Startups See Tech Fix For Card Declines

SUCI: Rethinking Card Declines, Data Security

To better serve clients and help make their businesses run smoother and more efficiently, FinTech startups are tackling an array of challenges, from data security to card declines to clunky customer experiences.

Last month, Modo helped merchants find ways to reduce card declines, DadeSystems sought to make data more secure through a “security by design” approach to development and AvidXchange looked to improve the customer experience by listening to suppliers. Here is the latest October news out of Startup Land.

DadeSystems

With DadeSystems’ “security by design,” data privacy is not an afterthought, and FinTech startups may do well to take a similar approach. The startup encourages the incorporation of data security every time an enhancement is made or a new product is released.

“It’s really built-in by design,” DadeSystems CIO Mike Capote told PYMNTS in a recent interview.

When FinTech startups adopt a “security by design” approach, they take data privacy into consideration when making updates and seek to ensure that they are not sacrificing security when they make software implementations — an important tactic in the ever-evolving cyber threat landscape, where new challenges arrive daily.

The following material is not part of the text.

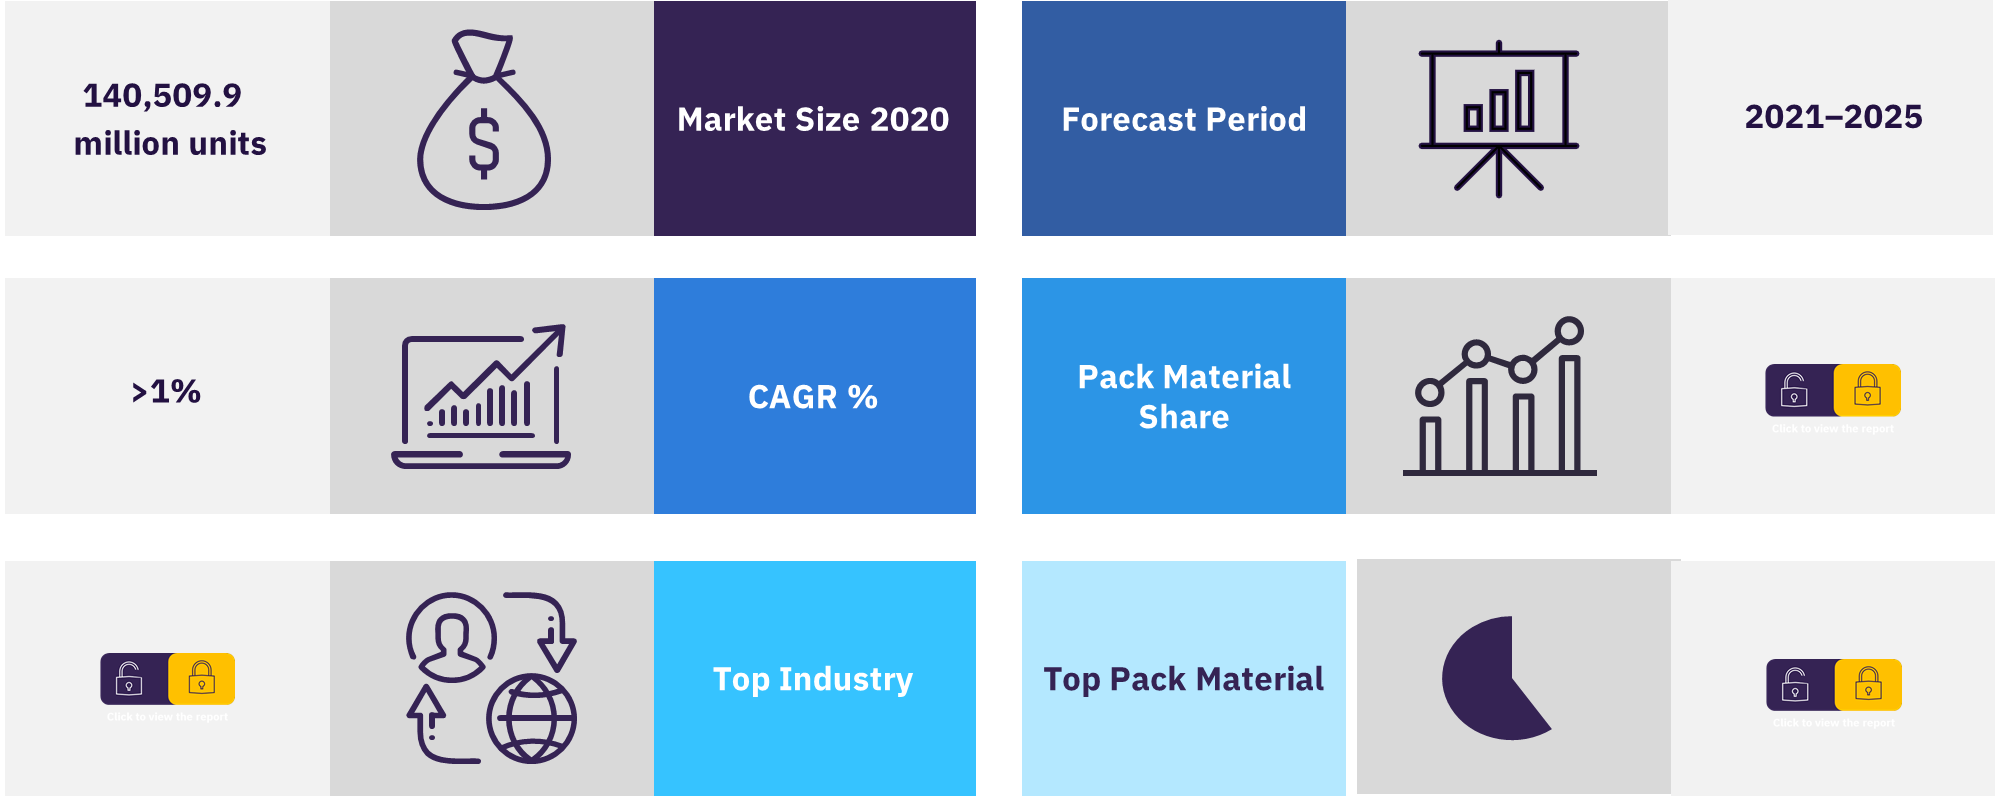 Overview of the packaging market in Russia

“It seems like every day, there’s a new exploit,” said Capote, who recently joined the firm as CIO after the company hired his former firm ProPrivatus to help with IT security and compliance. But there is an opportunity for FinTech startups when it comes to adapting to this new cyber threat world, as they don’t have 20 years’ worth of code that they need to retrofit. Instead, startups are able to meet this challenge as they go, without having to address them with technology that is two decades old.

AvidXchange

When it comes to the customer experience, AvidXchange’s Denise Leleux looks through a few different lenses. Leleux, a former Tesla executive who AvidXchange recently hired as its senior vice president, sees it this way: What is the need in the market, what can a product do and what is the customer’s point of view?

On the supplier side, for instance, companies want to get paid quickly and accurately. They also want to be able to use AvidXchange’s network to win new business or find new places to work. To better this customer experience, Leleux seeks to find her customers’ pain points and determine how her company can build solutions to help them be more successful.

“I think it’s critical to actually start listening to our suppliers,” Leleux told PYMNTS in an recent interview. Her company can then use those insights to develop products and services.

She also noted that the company is focused on growing its presence and market share by attracting buyers of services in areas such as real estate and homeowner association-type verticals. Overall, the company has 400,000 suppliers in its network, and Leleux is seeking to be her company’s internal voice to help ensure that its products help improve the businesses of its customers.

Modo

For merchants, card declines pose a sizeable problem, stubbornly averaging around 15 percent. That challenge is not lost on FinTech startups.

“Merchants are now getting swamped with declines,” Modo Chief Executive Bruce Parker told PYMNTS in a recent interview.

Yet around 12 or 13 percent of them fall into a general bucket of declines provided by issuers. As a result, merchants can’t always discern why exactly a decline occurred based on the transaction codes they receive. At the same time, merchants are learning a decline is not the end-all be-all, and the merchant is left on the hook to figure out if it should reprocess a transaction.

Why? The merchant is concerned about how reprocessing a transaction might impact its relationship to the card network and to its processing partner. That’s where FinTech startups like Modo come in. The company knows why declines happen, and so is able to help merchants find out “when is a decline really a decline and when is a decline an opportunity to ask in another way,” according to Parker, indicating that FinTech startups can find new solutions to those customers’ pain points that just won’t go away.